Tanzania exists to remind us, how inhuman Kenyans are. Beer costs Ksh 75. Even though this is for a 330 ml bottle, it is far cheap, especially for a border town. A Tusker Lite, which is an equivalent of Serengeti Lite, goes for Sh 200-300 in Kenya.

So, we drink the chilled Serengeti Lite as we wait for Kienyeji and plaintain.

Too bad for Cliff, he was drinking the previous night, and has a tooth problem, and thus can’t enjoy the plantain, but he admits it is delicious. I eat his portion as well. We eat, chill and then the unthinkable happens.

This middle-aged man walks in with a very beautiful young woman, you know those excellent 25-26 years olds who have known how to shower and treat their skin properly and while at it, dress that body to kill.

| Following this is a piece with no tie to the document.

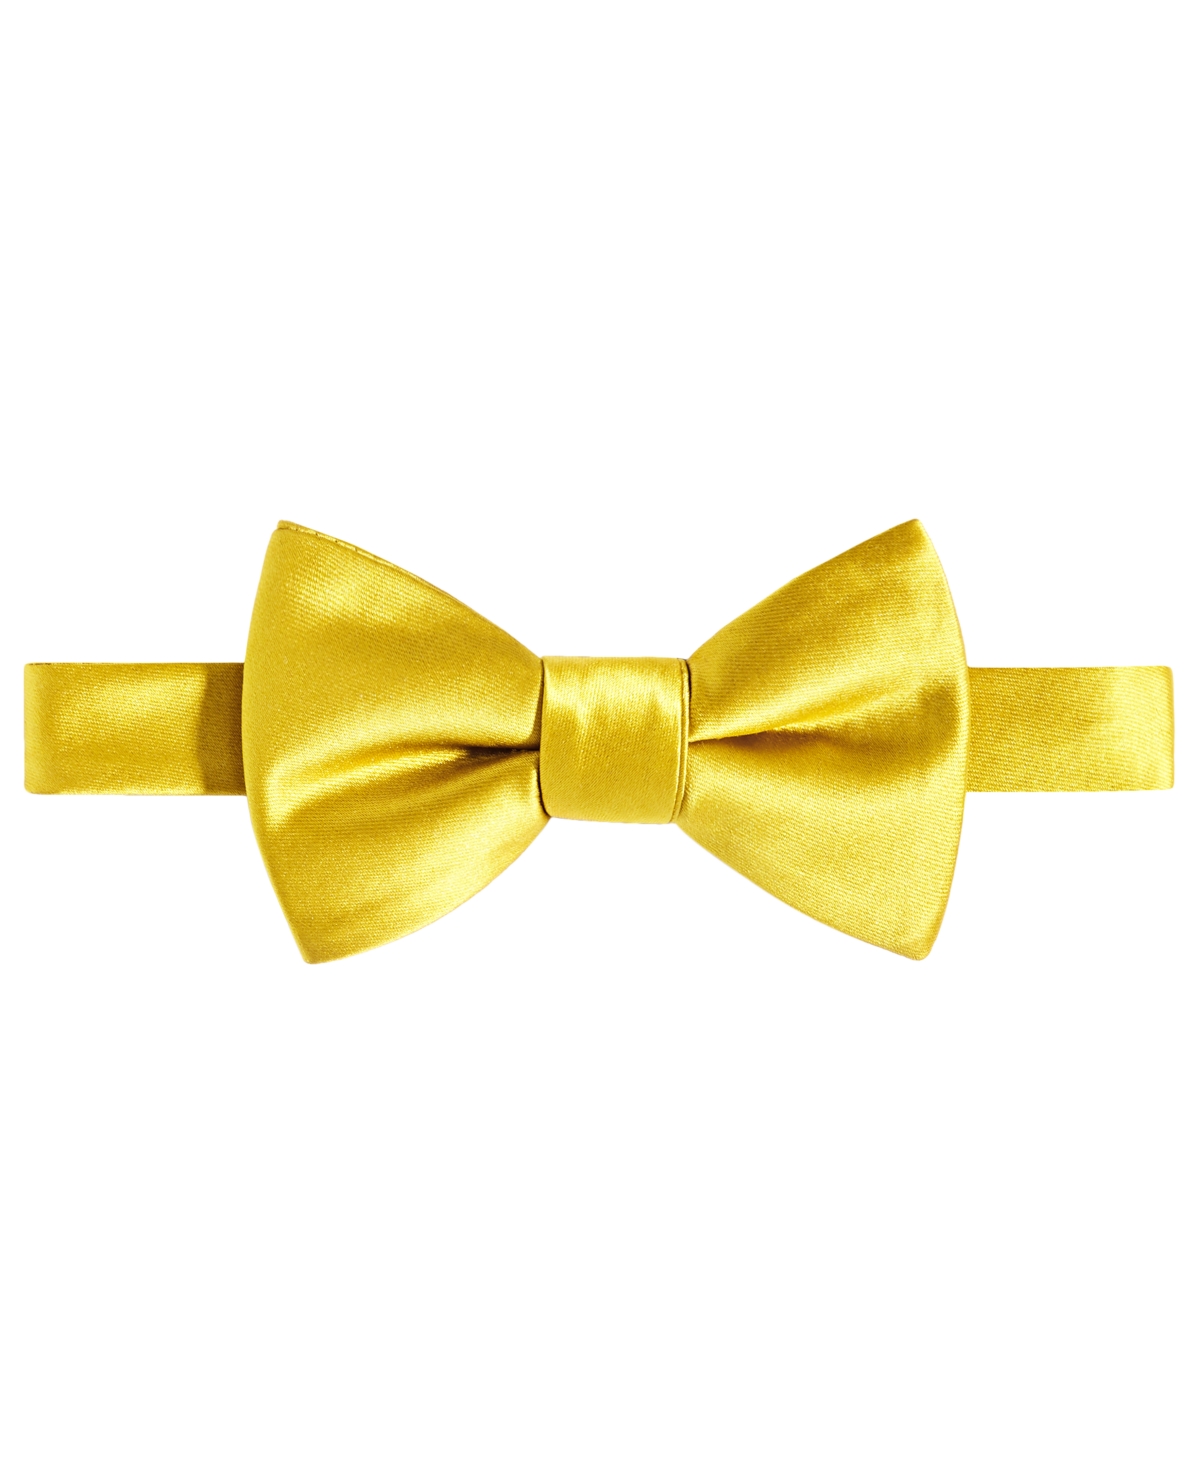 Shop Tayion Collection Men's Black & Gold Solid Bow Tie

She is perfectly tall, dark, beautiful, I can say gorgeous with her braids. No man deserves such a beautiful woman. She is in a beige dress. She is the type who a man easily marries as a the second wife, and the first wife will just have to understand.

The man is not exactly handsome. He is a bit hardy but looks the quietly rich, hardware owner, who is out to execute the fantasy of every middle-aged man: to go to someplace with a chubby, young woman for unspecified acts.